While #WhitePrivilegeMeans has trended before, Twitter user Matt Edelstein (@Shoq) told Mic via email he restarted the hashtag in the wake of the shootings in order to provide an "approach for a complex idea that white people are pretty resistant (or unwilling) to understand."
"I decided to resurrect the tag while the topic was being made hot by the Anton, Phillipe and Dallas horrors ... and all the noise I knew would be on cable all weekend," Edelstein wrote. "... In any event, as a 9 year veteran of Twitter, and a strong friend and supporter of [activist Deray Mckesson, who was arrested during a recent protest in Baton Rouge] and the movement, I felt it was a splendid teaching moment and that tag simply had to be resurrected right now, while the topic was very germane.
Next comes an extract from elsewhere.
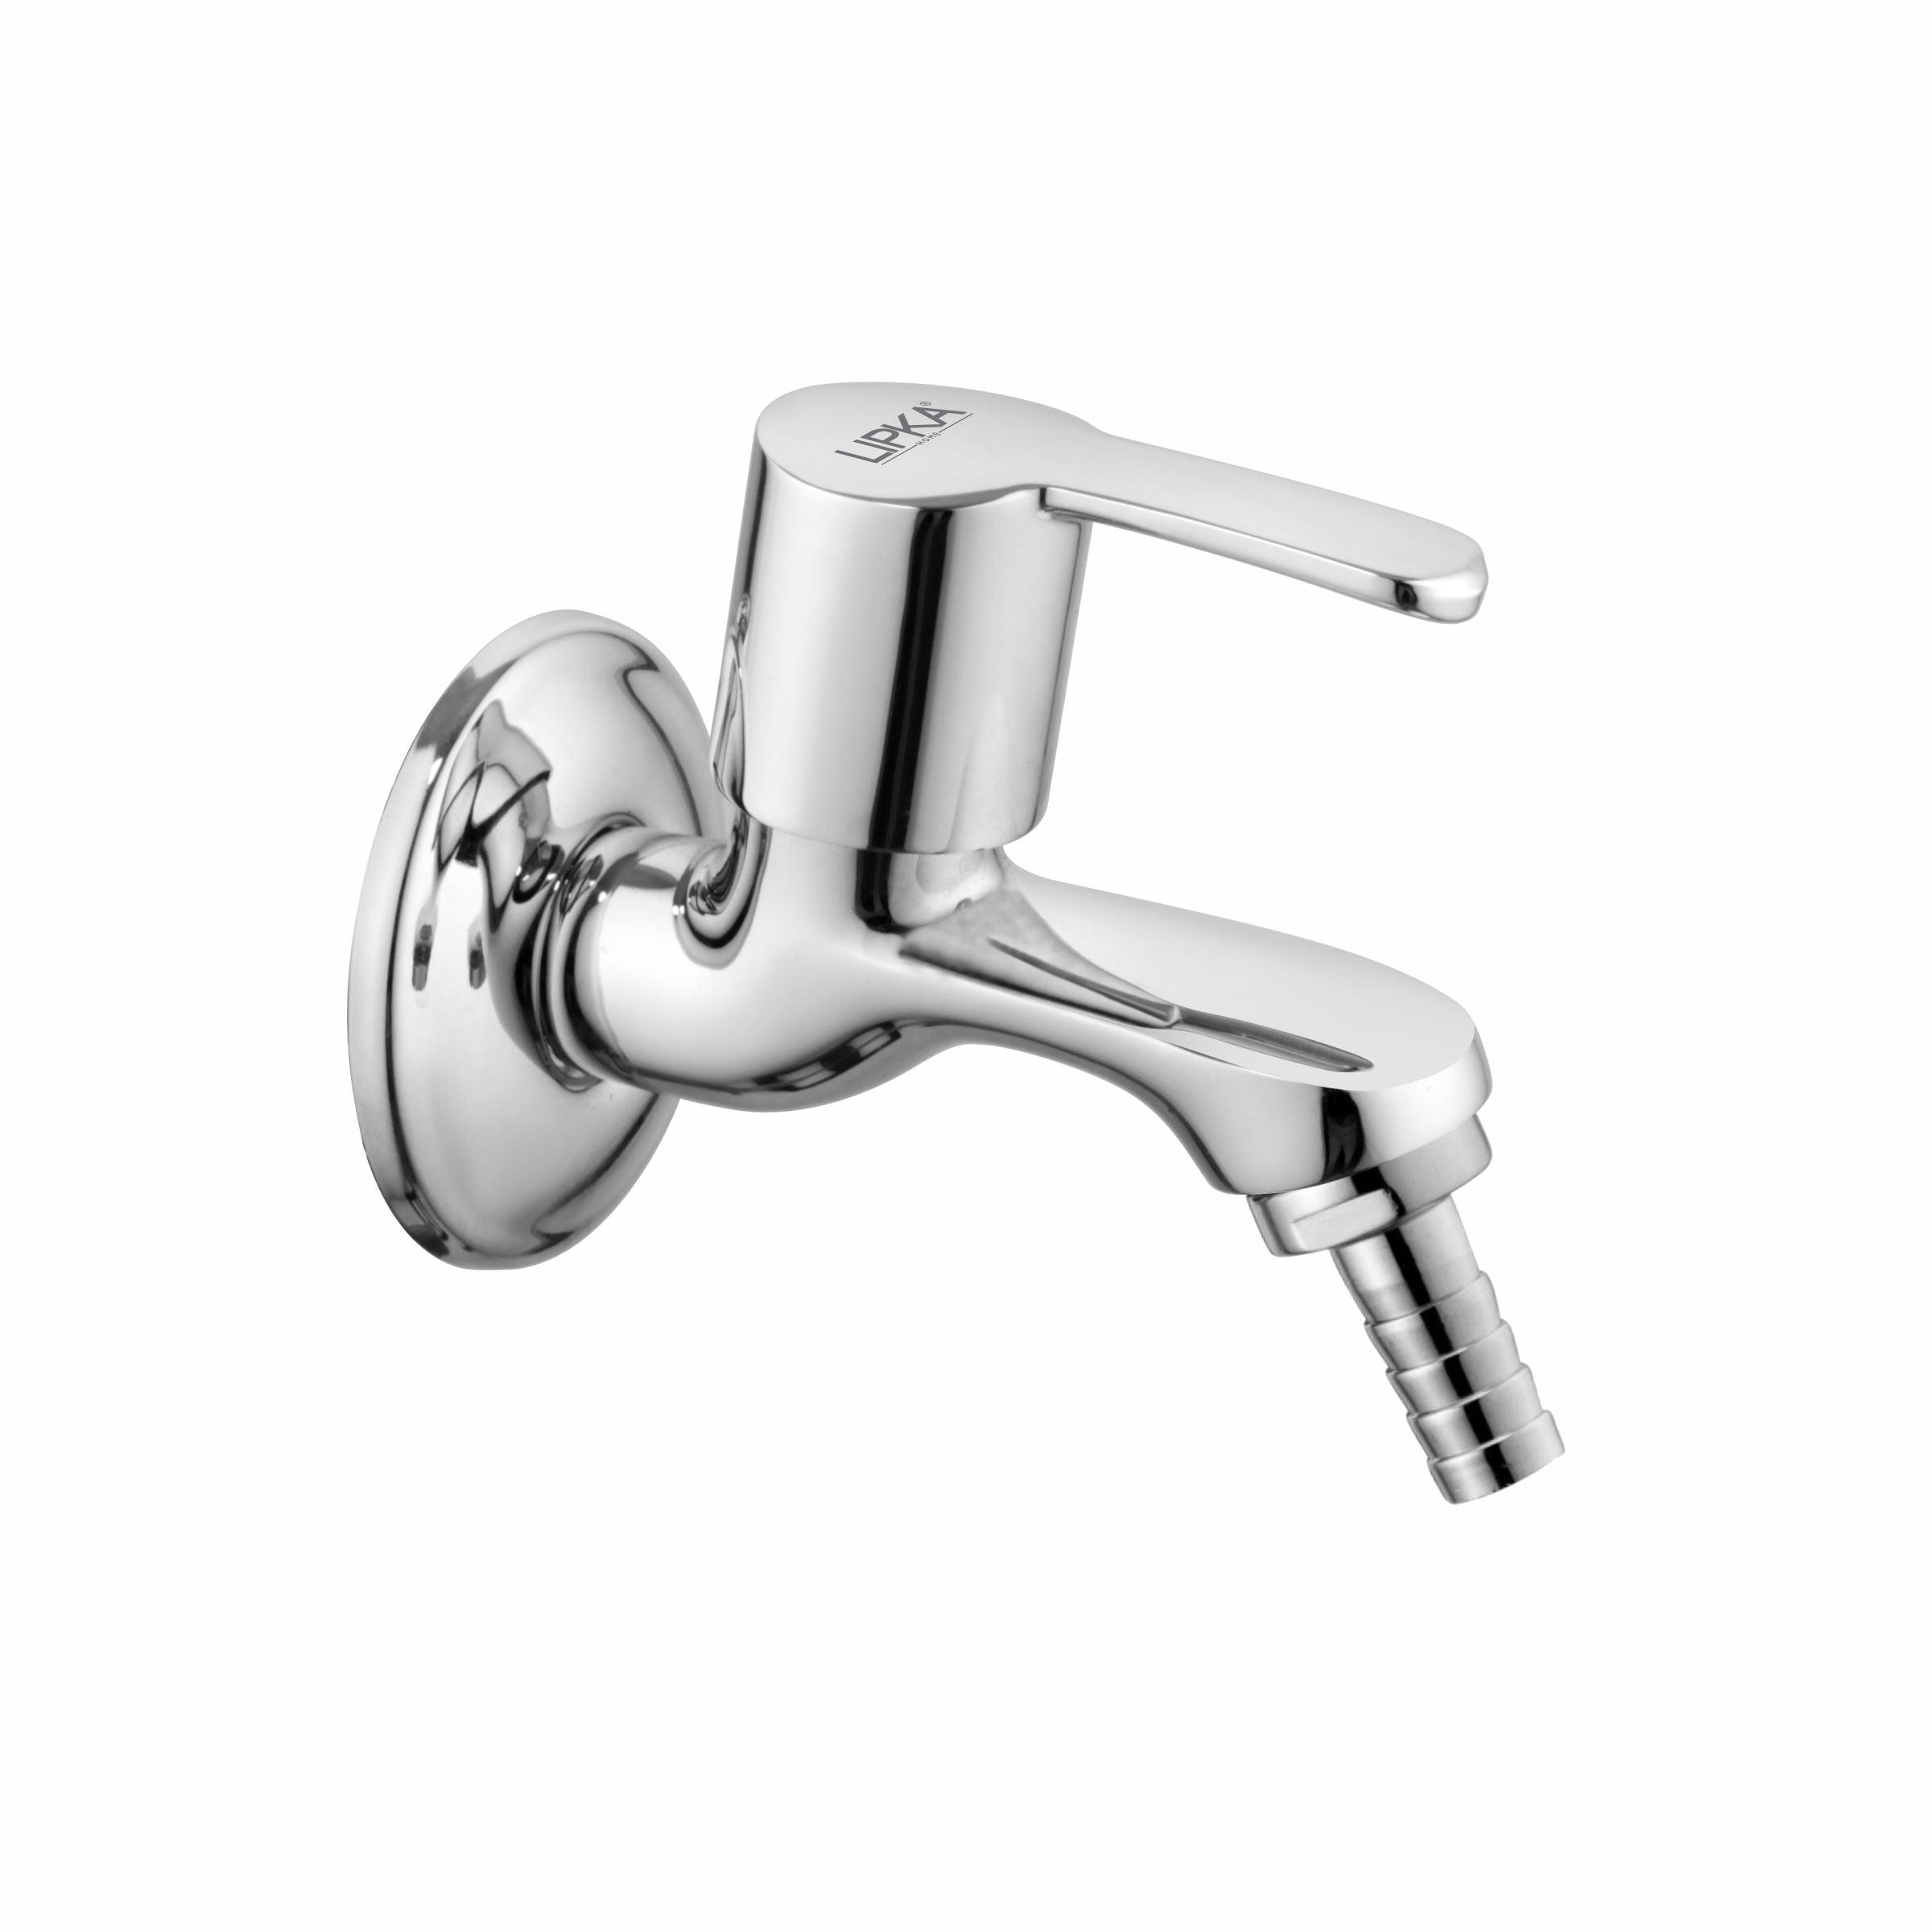 Frenk Nozzle Bib Tap Brass Faucet - LIPKA - Lipka Home

Especially since the Dallas shooting was giving the #bluelivesmatter crackpot police apologists a chance to seize the narrative."
According to Edelstein, the hashtag trended for approximately seven hours, saw over 180,000 tweets, and resulted in a bevy of negative feedback from aggrieved Twitter users unpleased with the hashtag's message.
Here's a sample of what Twitter was saying about privilege in the past few days.
July 11, 2016 at 6:19 shp.m.: This story has been updated with more information about the revival of the #WhitePrivilegeMeans hashtag by Twitter user Matt Edelstein (@Shoq).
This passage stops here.